Initially I was deeply troubled, however I remembered my other idea regarding promoting math and science. My new goal is to cultivate interest in/passion for/exposure to science in elementary school students. With the budget cuts, many science labs in the curriculum have been cut and standardized test preparation has squeezed science in many areas into simple memorization of basic facts. Therefore, I would like to start small and expand to having organizations at several local or maybe even not (^^) high schools were some students visit their local elementary schools regularly with pre-made kits and instructions(or perhaps develop their own) and conduct activities with the students. = Hands on learning. This idea is feasible, needed, and backed by passion. And I have a really good feeling-versus a mushy soft tofu feeling- about this project. Anyone interested?

When I was in middle school we used to always shop at a wholesale place-
And we would always buy the orange colored
Trident Tropical Twist Gum I would chew it while staring at the black scratchiness of the square fire-proof-coating-coated surfaces of the science tables, arranged in square islands around the room. And pop one in my mouth in the locker room before a “fun run”(mile run) in gym class. And chew some while reading a book at Barnes and Noble after buying lunch at Giant. (Maybe that’s how I got so used to the cold- I would eat (cold) lunchables on a bench by Giant on very windy winter days.) And share it in the hot summer mornings (after getting off the bus, sitting/crowded in the cafeteria waiting for school to start) at the end of 7th and 8th grade with my best friends as we sat in our shorts and t-shirts, anticipating the and of the year field trips.

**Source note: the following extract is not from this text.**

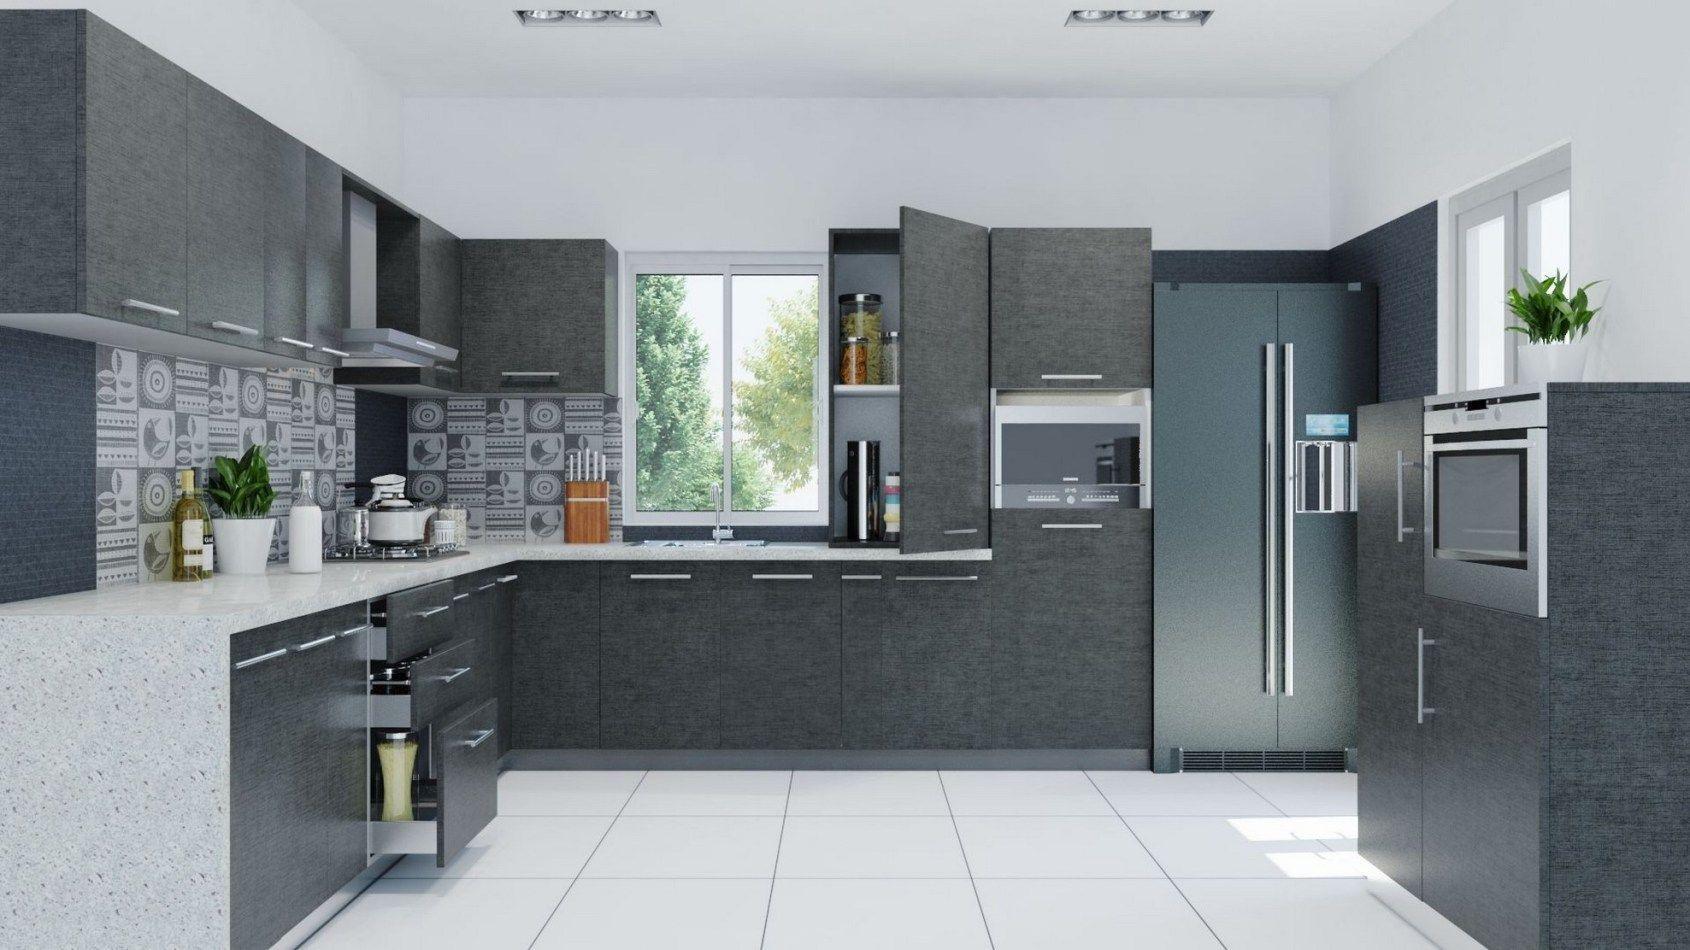 60 Topmost Modern Kitchen Cabinets Design Homedsn Cabinets Design Homedsn Kitchen In 2020 Modern Kitchen Cabinet Design Kitchen Design Trends Kitchen Design Color

We hadn’t bought the gum in a while, but today I got some again again- and as everyone knows taste would be very bland without smell. So I inadvertently smelled the gum as I was unwrapping it and all the memories flooded back. Ahh carefree middle school. I didn’t like it then but I sure look back at those days wistfully now. Maybe I wouldn’t exchange my life now for my life then, but it sure would be nice to live it again.

Merry Christmas

Merry Christmas everyone!
I’m going to pretend it isn’t technically 12/26 right now ; )
My brother I had a great holiday…
I got a replacement Wii from my mom and DDR 3 ^^ as well as some souvenirs from her trips to Paris and India. My brother got 2 Wii games and an assortment of toys. Some friends from church came over and we played a card game, similar to bridge, that all the Chinese adults seem to be obsessed with. We also went to see the new Alvin and the Chipmunks movie.
I also did some more SAT practice (bleh)… can’t wait until that’s over

New Phone

Hurray I finally got a new phone. It is the LG env touch that I had turned into an obsession, however it does seem to be everything that I had hoped. I was deflated when informed that there would be a mandatory 9.99 data plan added, however that means I can check my email/browse/watch youtube videos on the high resolution screen whenever I want. Yay! The downside is that I had to put the rest of my summer money and the christmas money into it, for a total of like 250 dollars. However fortunatly he phone also serves as a really great digital camera- it shoots great landscapes- that I can actually transfer photos off of. So in conclusion- yay!

Loft Bed with Slide

I want a loft bed with a slide by FLEXA. You can say it’s childish, however the physics teacher at our school who went to MIT then Harvard and was an aerospace engineer likes teenage mutant ninja turtles and WB classic saturday morning cartoons. I think too many accessories might mess with the balance in my room, but check this out- the basic structure is pretty cool

A loft platform bed with slide. I measured my room and it will fit very nicely. I can also fulfill my vision of sliding out of bed in the morning.